For thirty years, the web has operated on a single assumption: a person sits at a screen, reads a page, and makes a decision. Every protocol we built — HTTP, HTML, CSS, JavaScript — was designed to deliver information to human eyes. That era is not ending, but it is being joined by something fundamentally new.

AI agents are now shopping, booking, negotiating, and paying on behalf of humans. They do not browse. They do not click. They execute. And the infrastructure they need to operate looks nothing like the infrastructure we built for browsers.

Six protocols are creating the plumbing that makes autonomous commerce possible. Together, they form a complete stack — from data access to payment settlement — that will underpin the next era of digital commerce.
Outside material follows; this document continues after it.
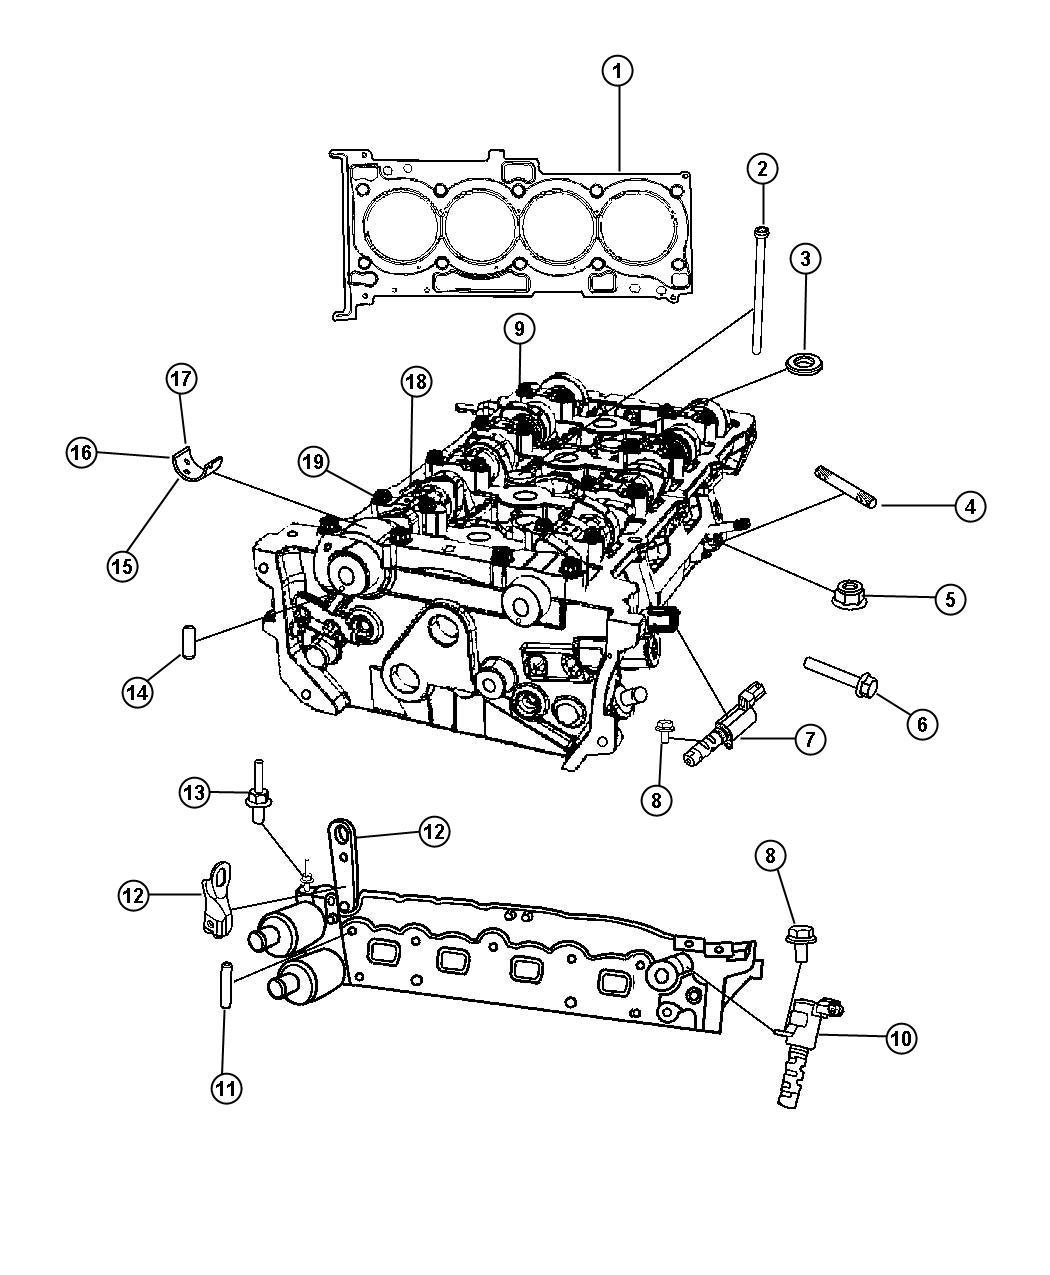 Jeep Patriot Control valve, solenoid. Oil intake, variable

This article is the complete map. By the end, you will understand what each protocol does, how they work together, and what your business needs to do about it.


The Stack at a Glance

Think of these six protocols as layers in a system, similar to how TCP/IP, HTTP, and HTML layer on top of each other to deliver a webpage. Each protocol solves one problem. Together, they enable end-to-end autonomous commerce.

Layer Protocol Function Who Built It When Key Stat
1 MCP Data Access Anthropic Nov 2024 10,000+ servers, 97M SDK downloads
2 WebMCP Browser Interaction Google + Microsoft Feb 2026 78.6% browser coverage on day one
3 UCP Commerce (Open Standard) Google + Shopify Jan 2026 20+ endorsers incl. Walmart, Visa
3b ACP Commerce (ChatGPT) OpenAI + Stripe Sept 2025 900M weekly users, 4% merchant fee
4 A2A Agent Coordination Google Cloud Apr 2025 50+ partners incl. Salesforce, SAP
5 AP2 Payments Google Sept 2025 60+ partners, cryptographic mandates

Layer 1 (MCP) lets agents access data — your product catalog, your calendar, your inventory system. Layer 2 (WebMCP) lets agents interact with your website the same way a human would, but through structured function calls instead of mouse clicks. Layers 3 and 3b (UCP and ACP) define how agents complete a purchase — the digital equivalent of a checkout counter. Layer 4 (A2A) lets agents talk to each other — your customer's shopping agent negotiating with your pricing agent. Layer 5 (AP2) handles money — cryptographically signed payment mandates that ensure no agent can overspend.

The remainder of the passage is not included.